» Exercise objective
Would you set down the data that follows, word for word, without any pictures?

» Dataset section

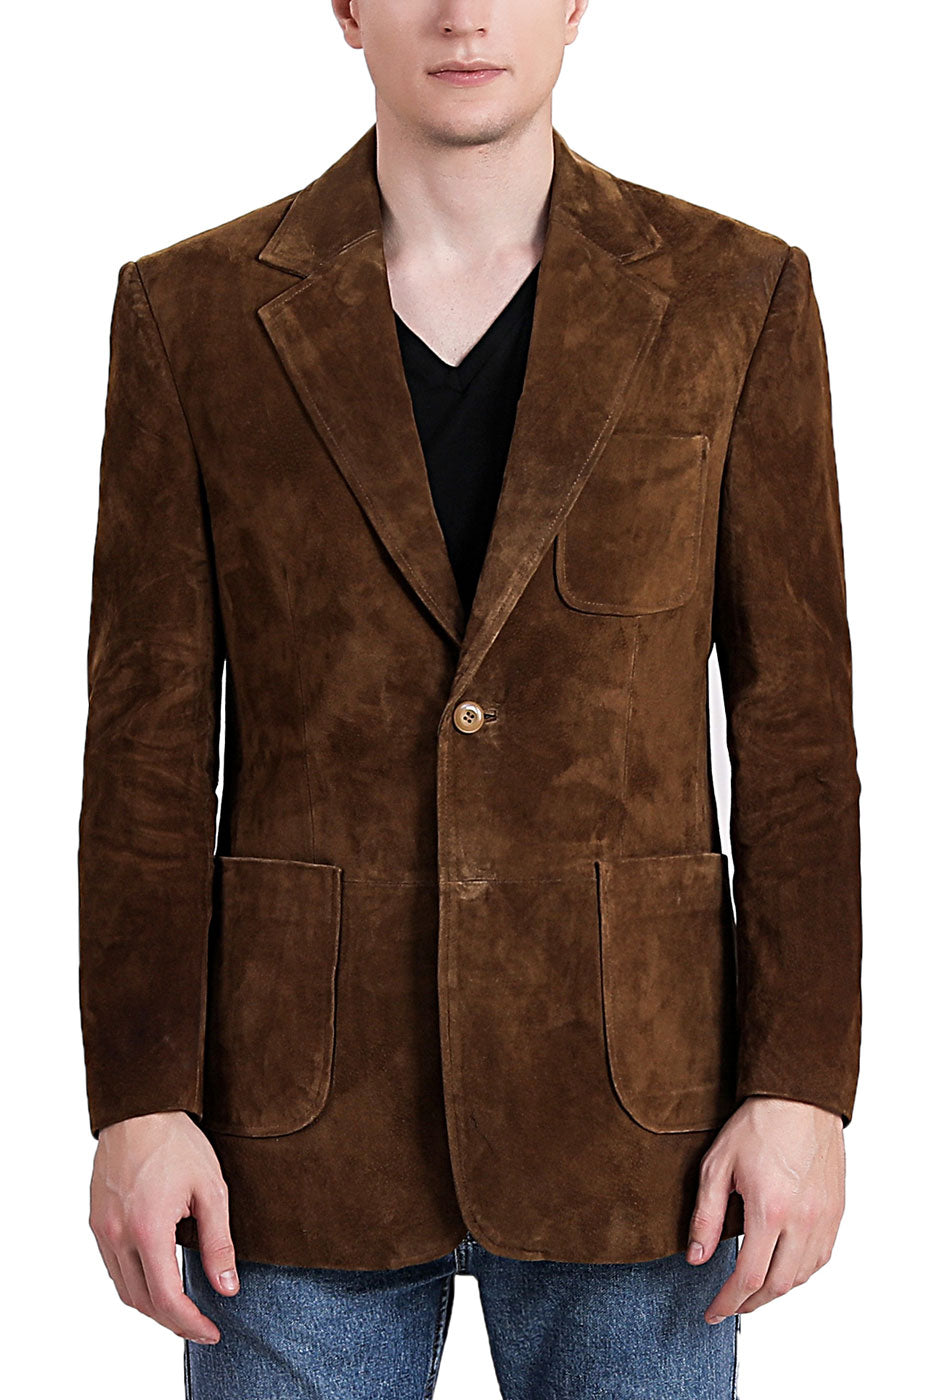 Men Suede Leather Blazer Soft High Quality Genuine Lambskin Jacket Coat |  eBay
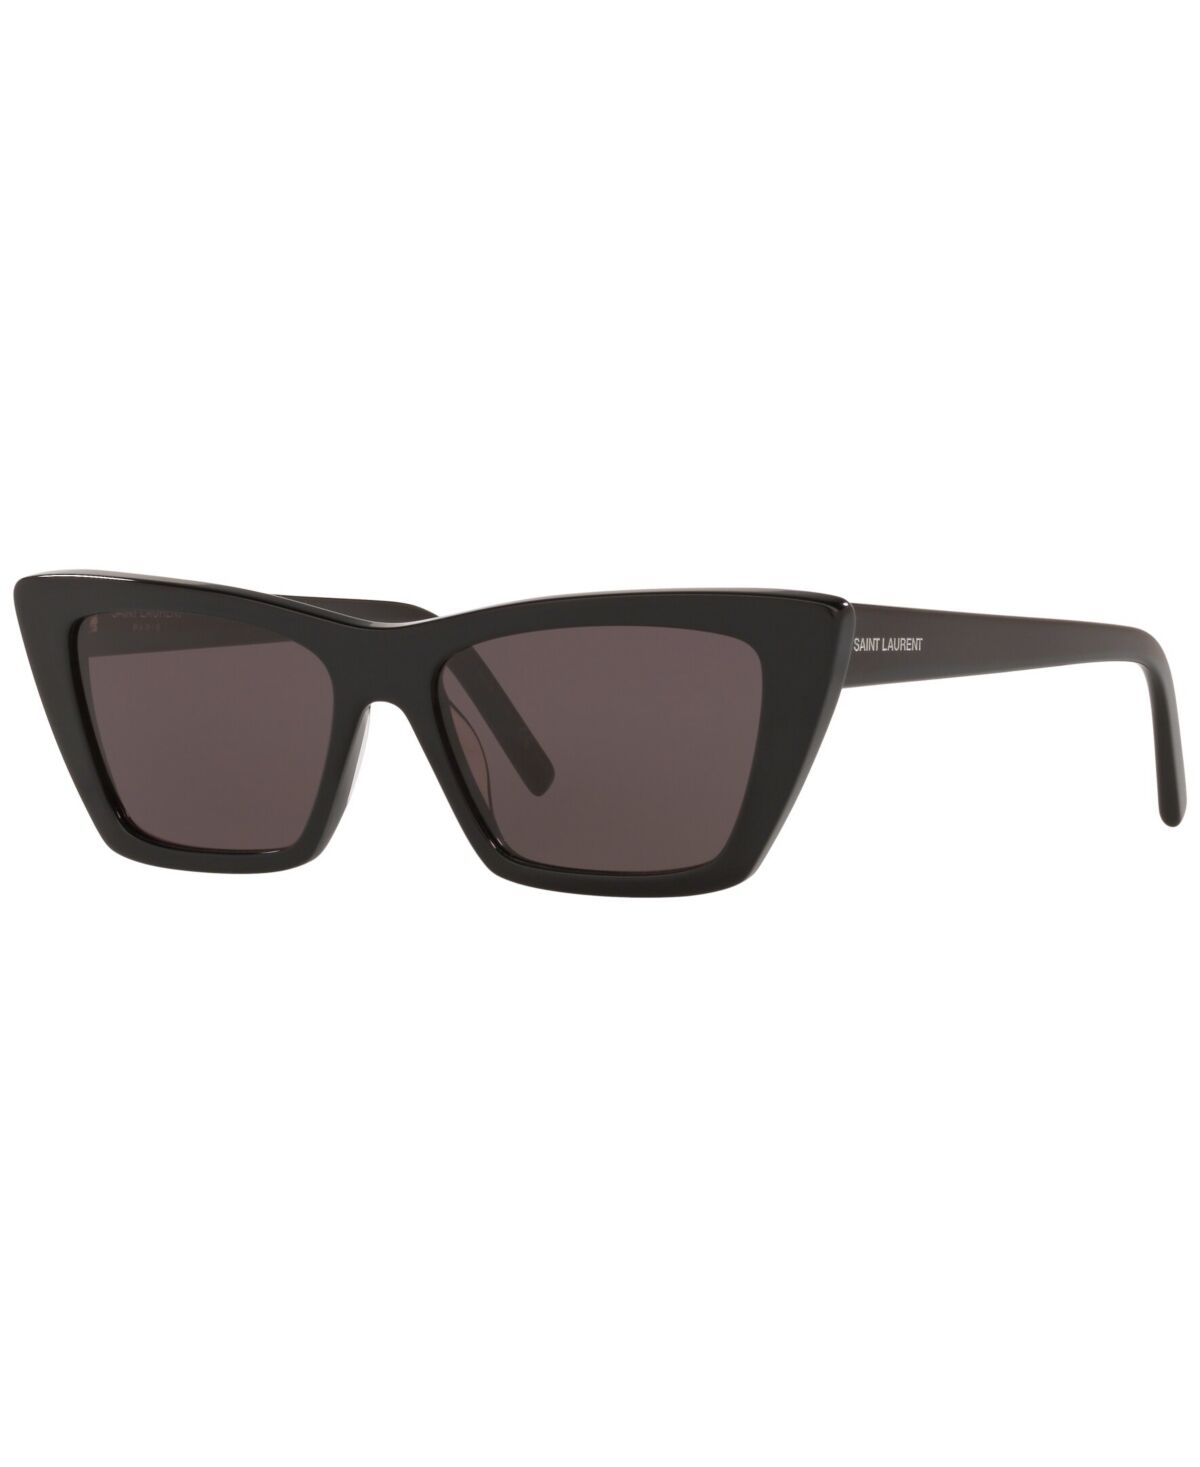 Saint Laurent Women's Sunglasses, Sl 276 Mica - Black Shiny
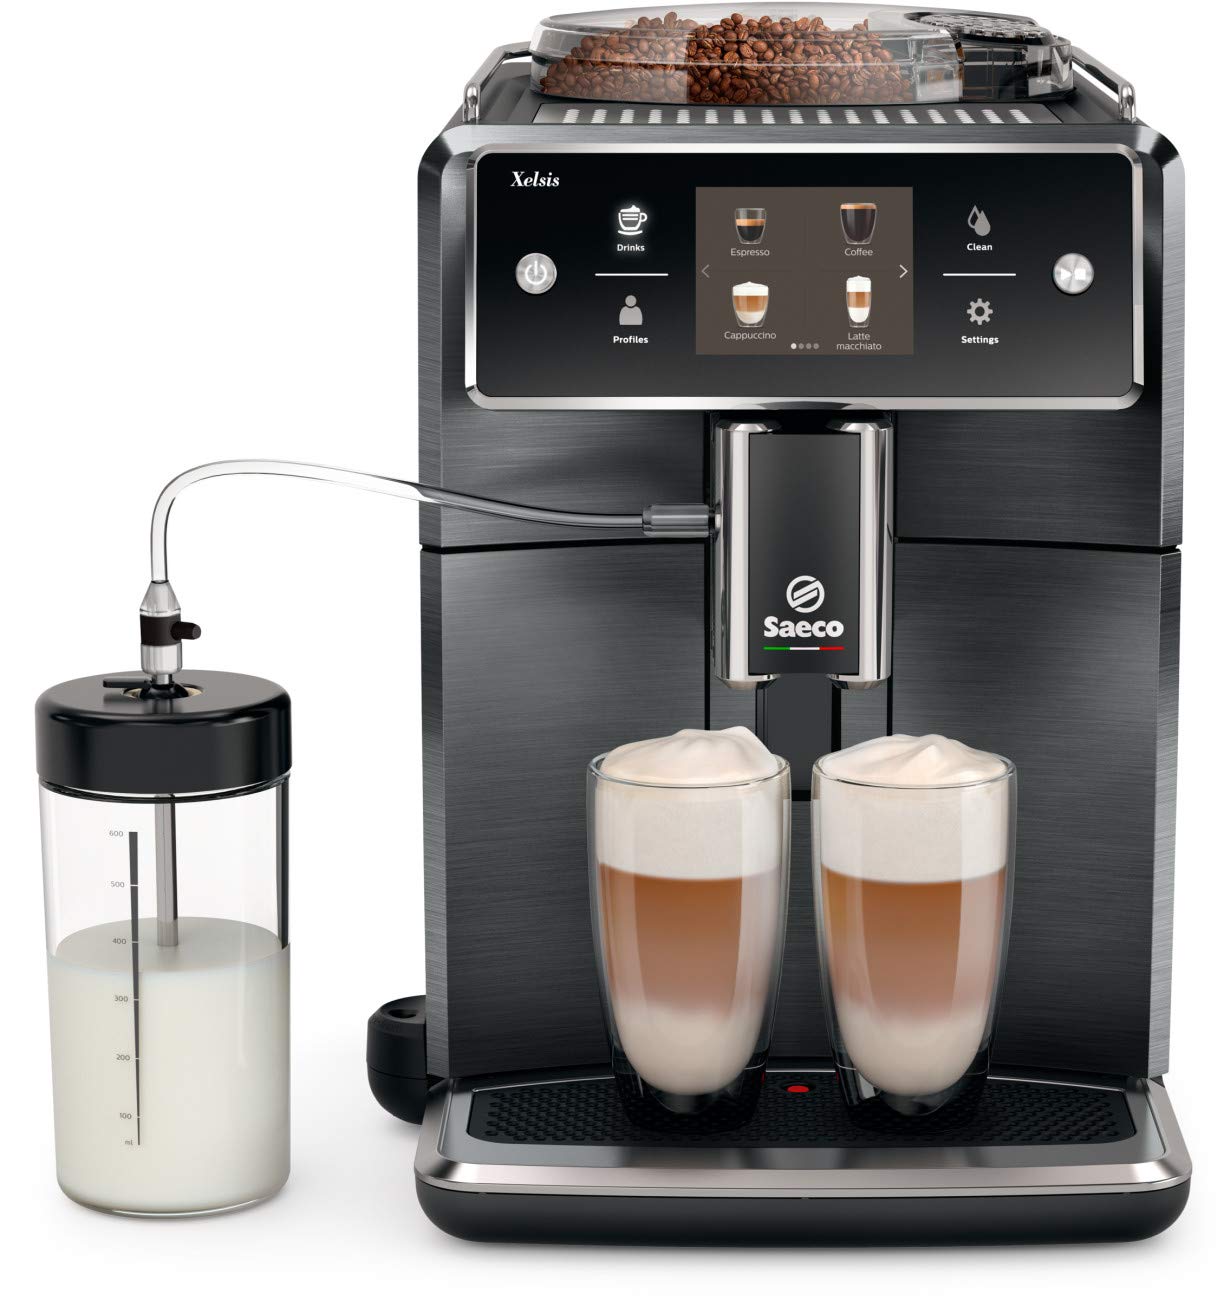 Saeco Xelsis Espresso Machine & Craft Coffee Maker $1279.20

» Your response
 Men Suede Leather Blazer Soft High Quality Genuine Lambskin Jacket Coat |  eBay
 Saint Laurent Women's Sunglasses, Sl 276 Mica - Black Shiny
 Saeco Xelsis Espresso Machine & Craft Coffee Maker $1279.20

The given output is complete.